Information given below:

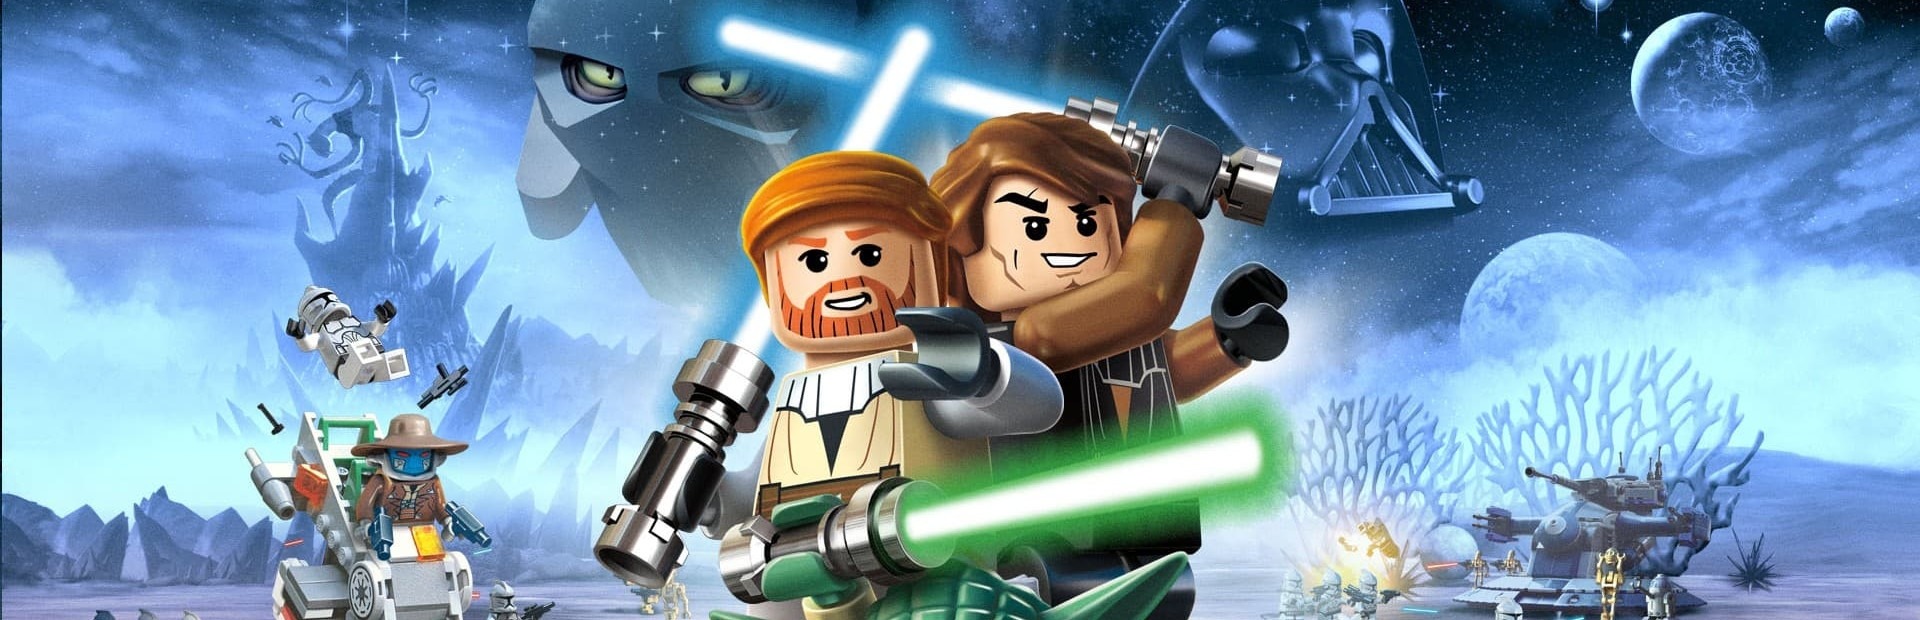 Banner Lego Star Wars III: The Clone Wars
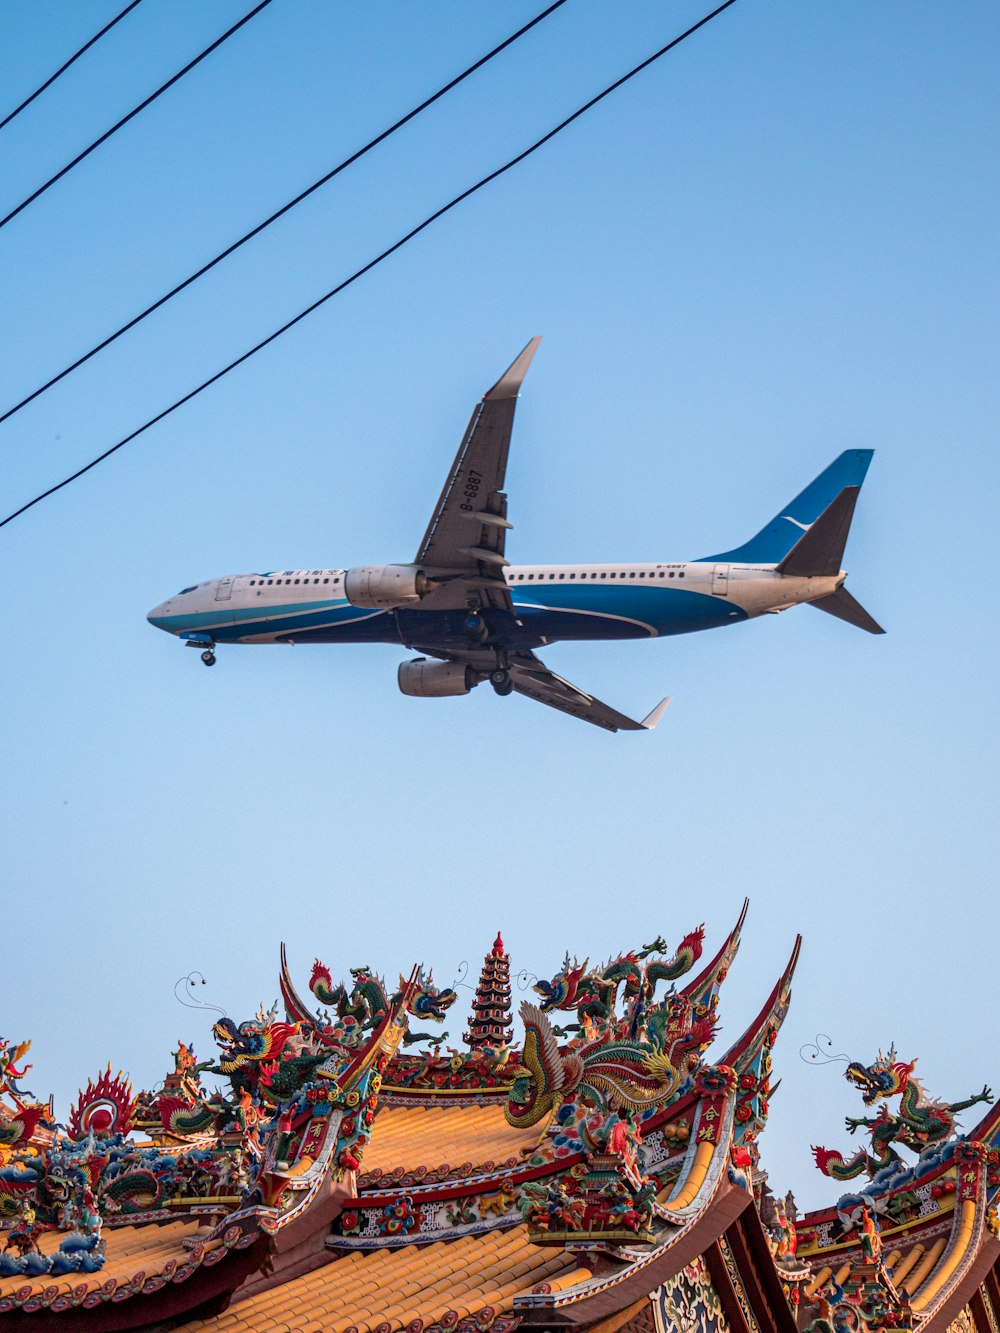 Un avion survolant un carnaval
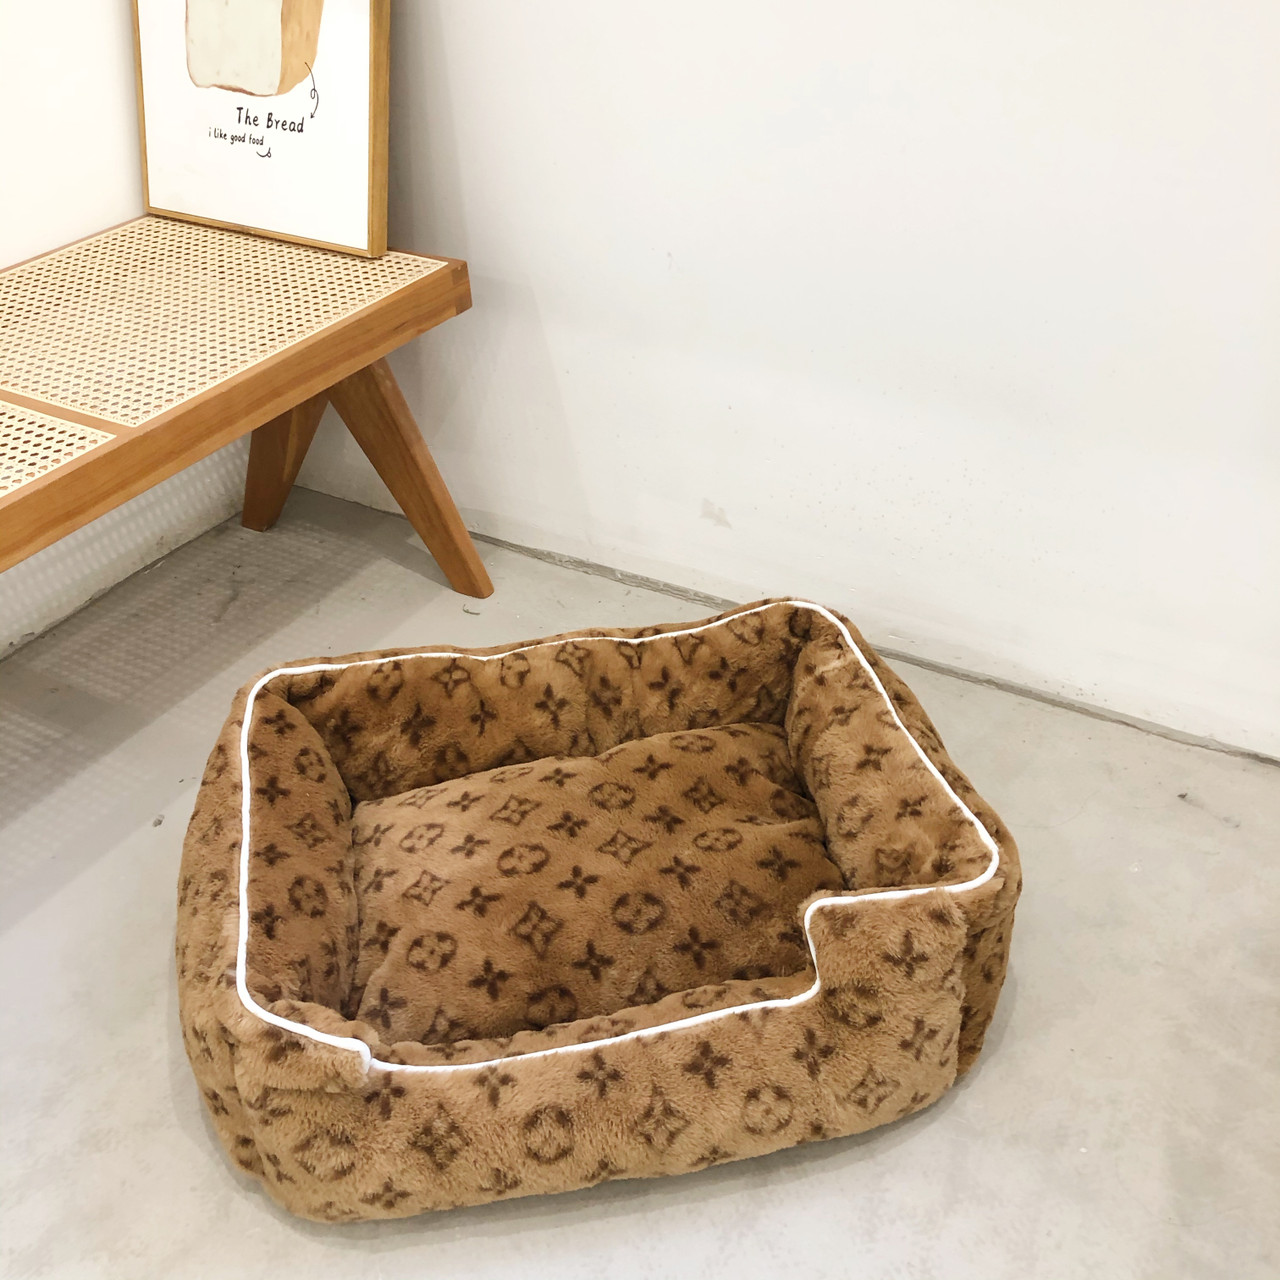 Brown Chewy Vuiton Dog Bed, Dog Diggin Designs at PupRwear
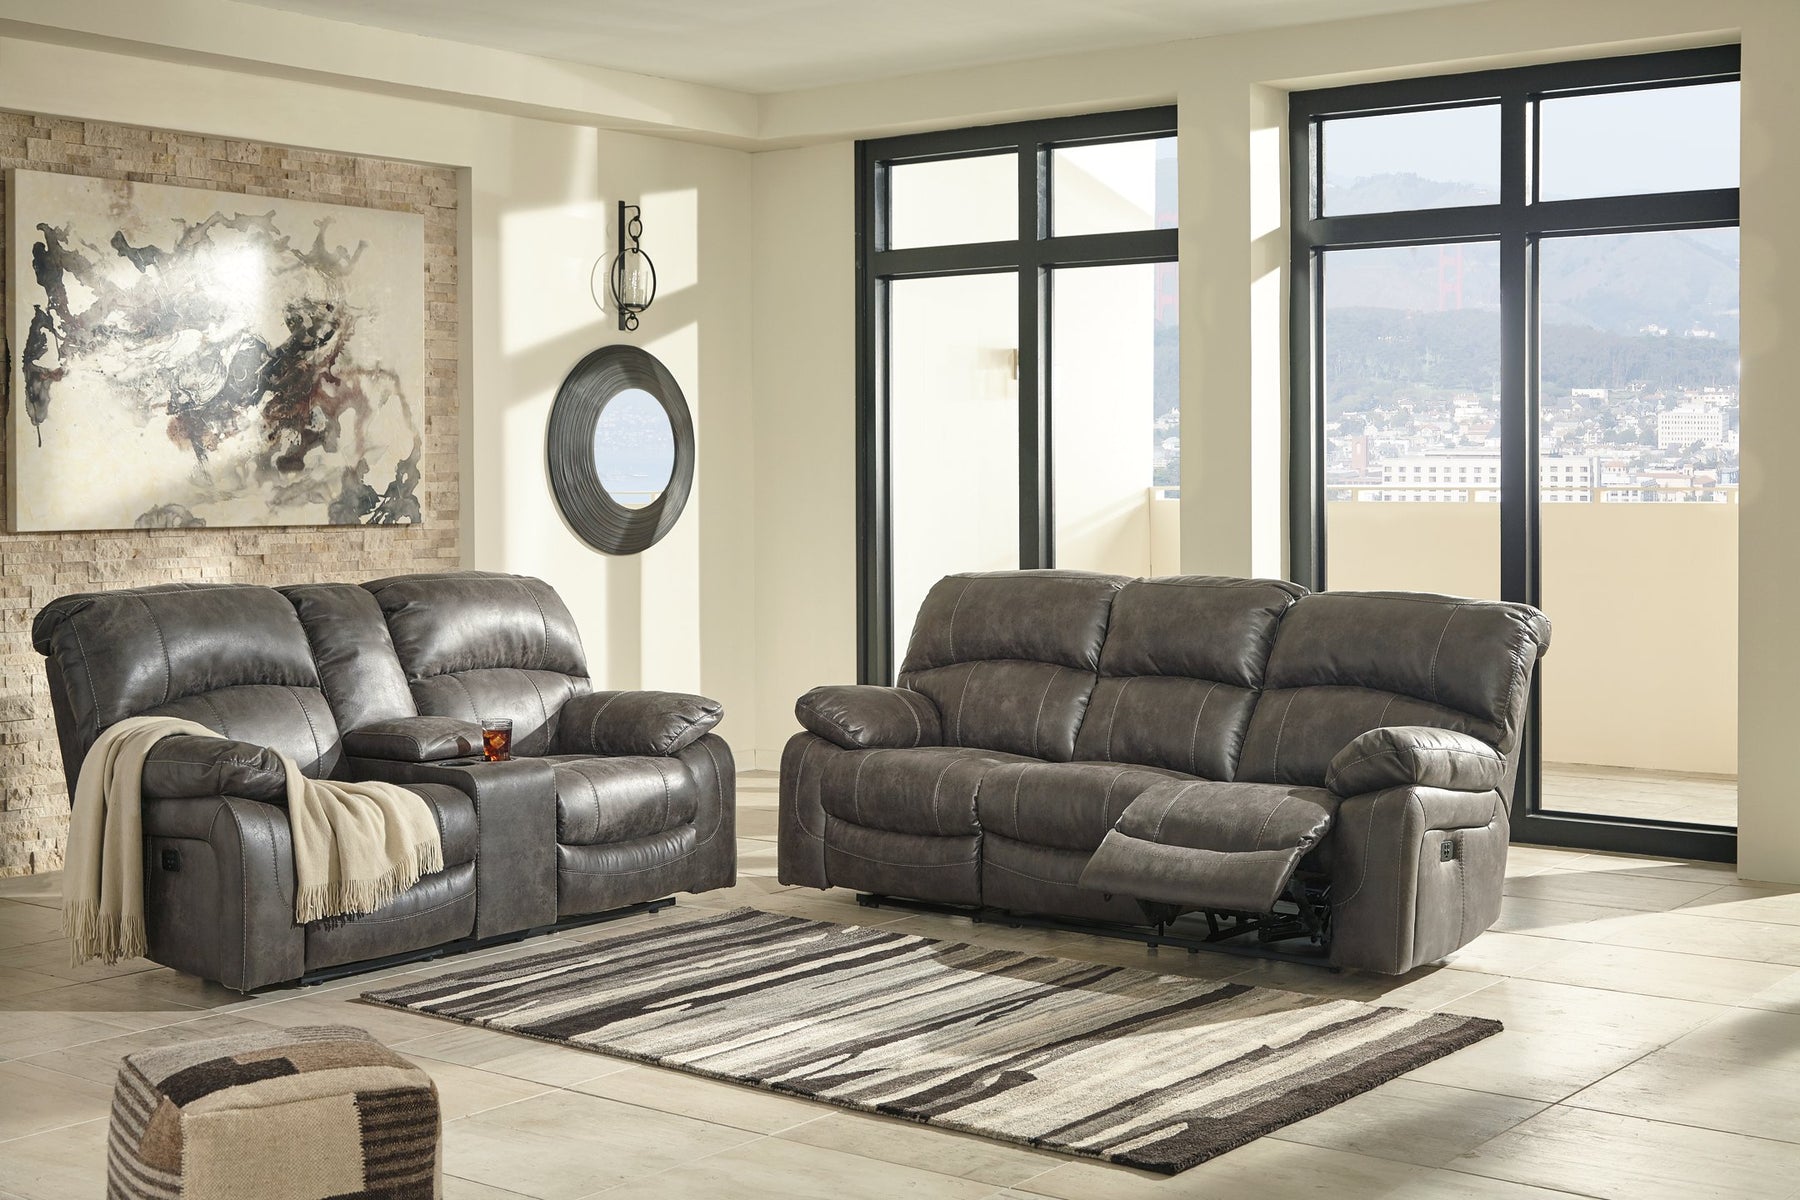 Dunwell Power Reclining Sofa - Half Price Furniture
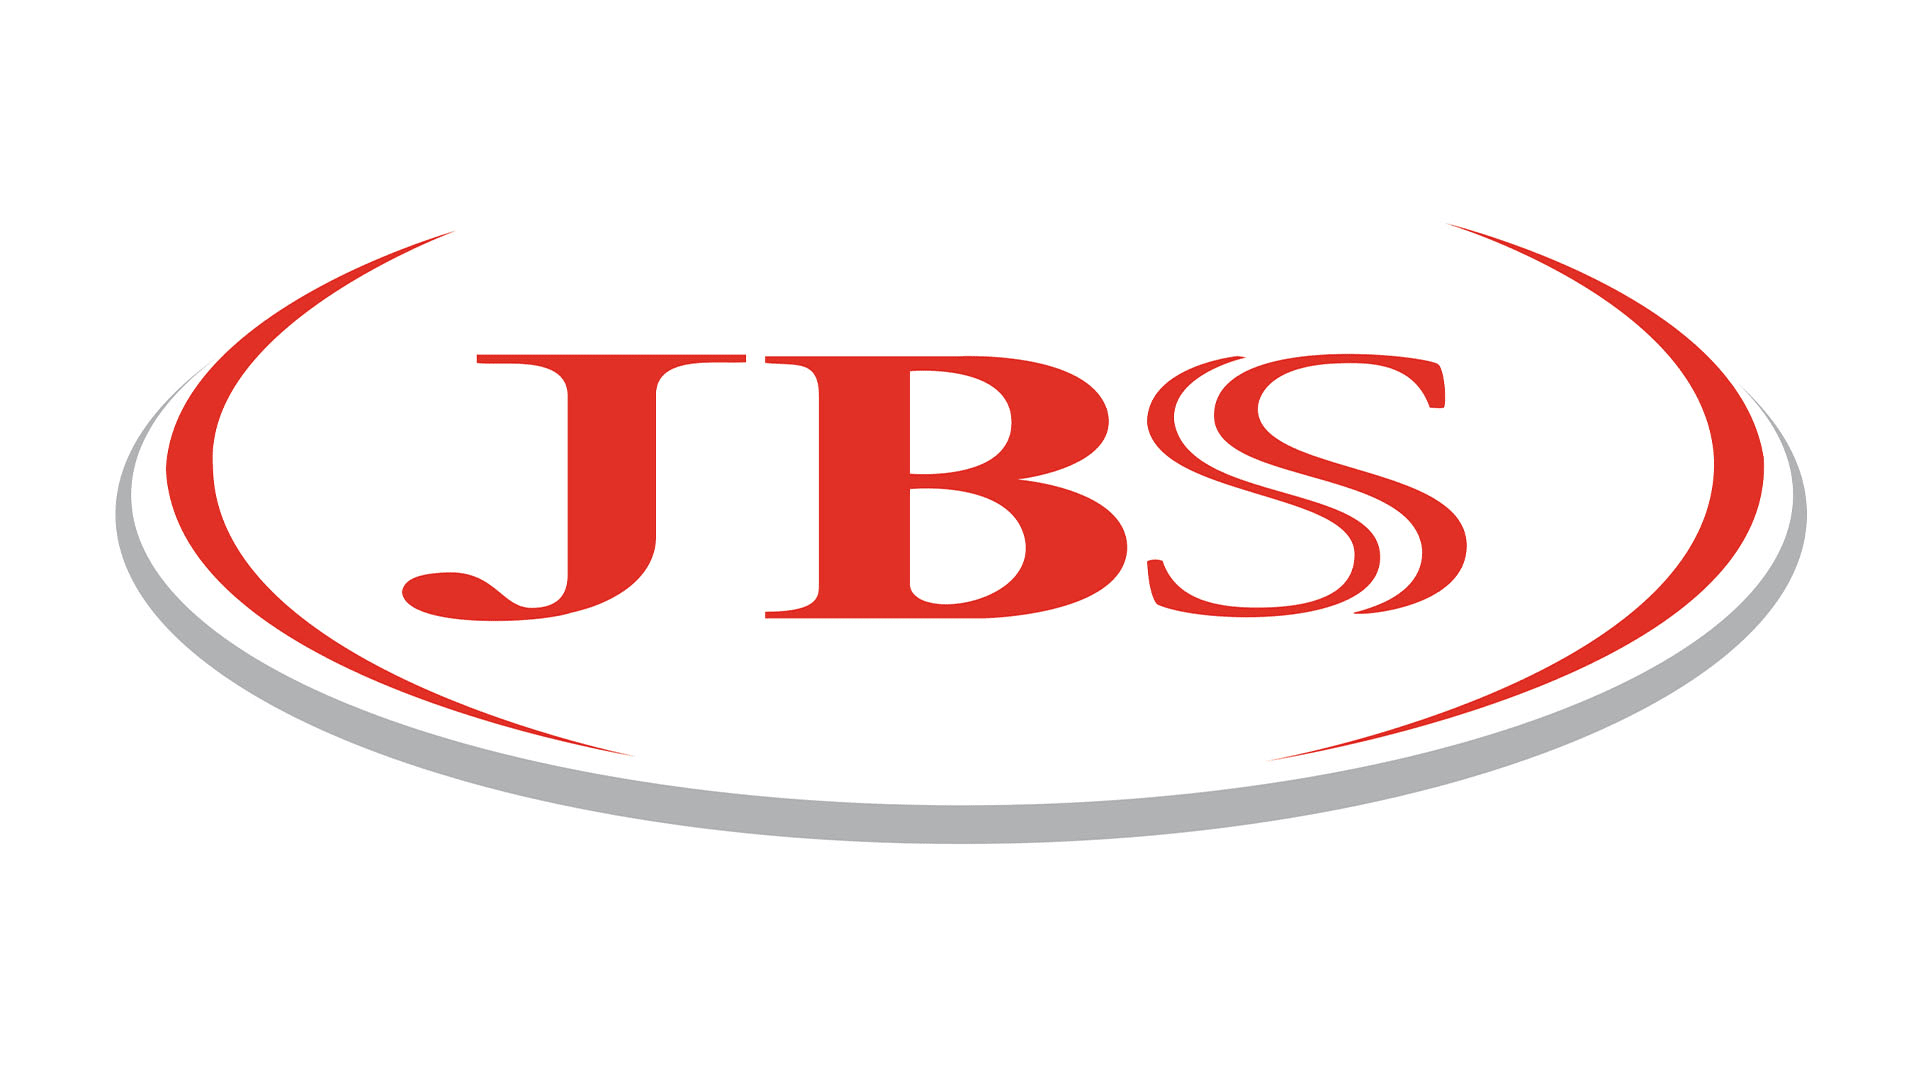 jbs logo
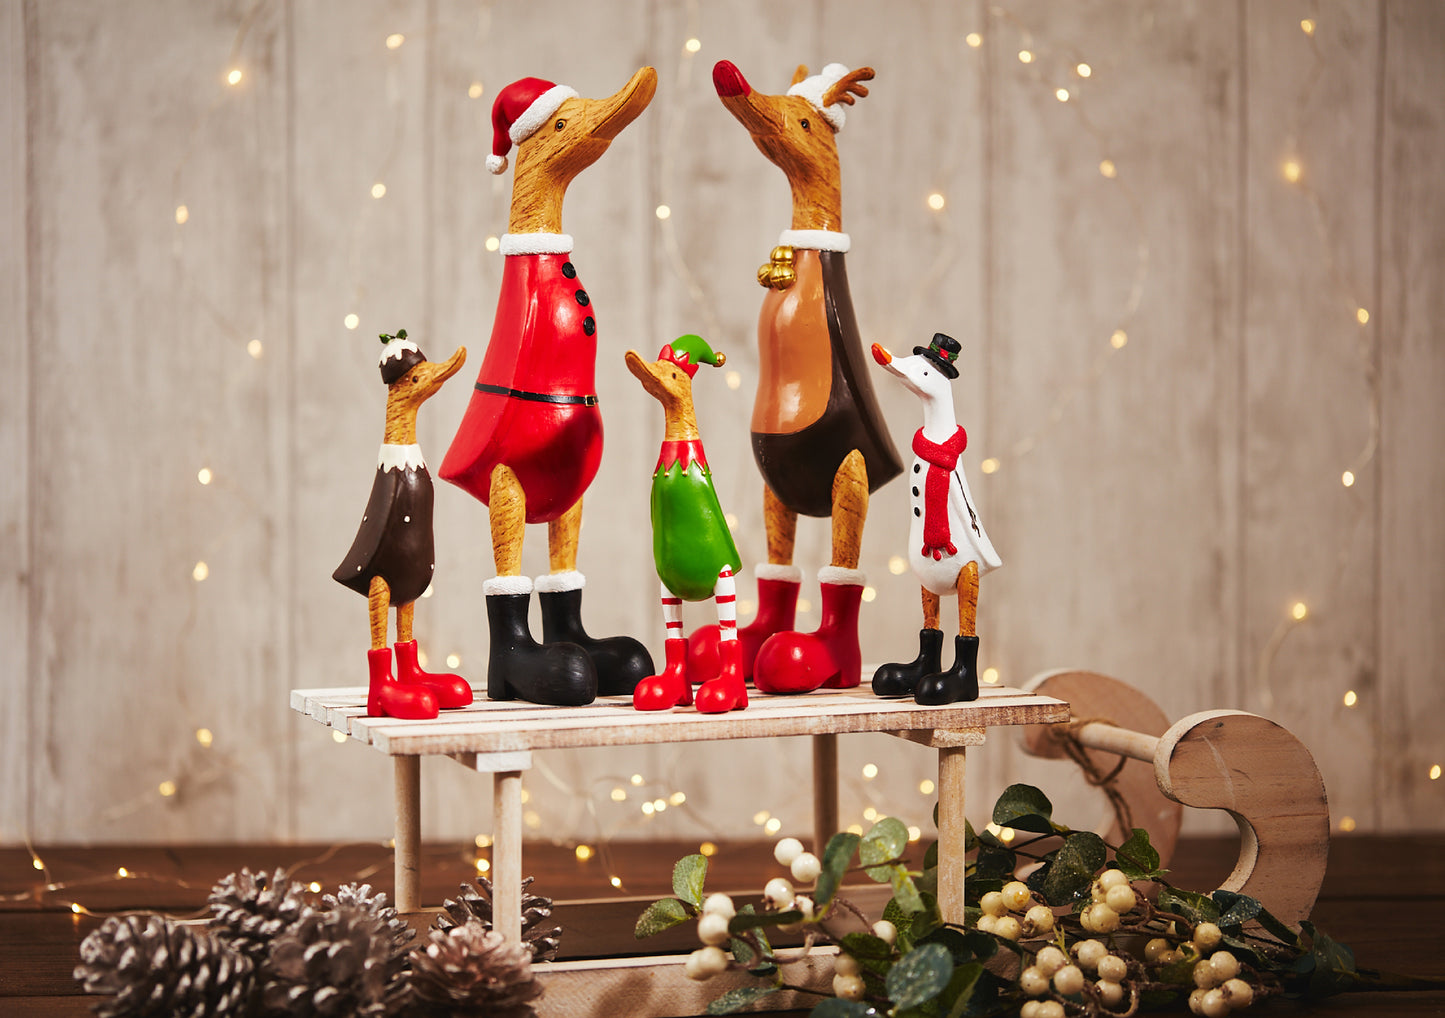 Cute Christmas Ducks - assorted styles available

End of Information given.

● **What you have to do**
A word-for-word repeat of the lines from the line with "Un avion survolant un carnaval" to the last line of the data, both ends included and pictures left out, is all that should appear.

● **Response**
 Un avion survolant un carnaval
 Brown Chewy Vuiton Dog Bed, Dog Diggin Designs at PupRwear
 Dunwell Power Reclining Sofa - Half Price Furniture
 jbs logo
 Cute Christmas Ducks - assorted styles available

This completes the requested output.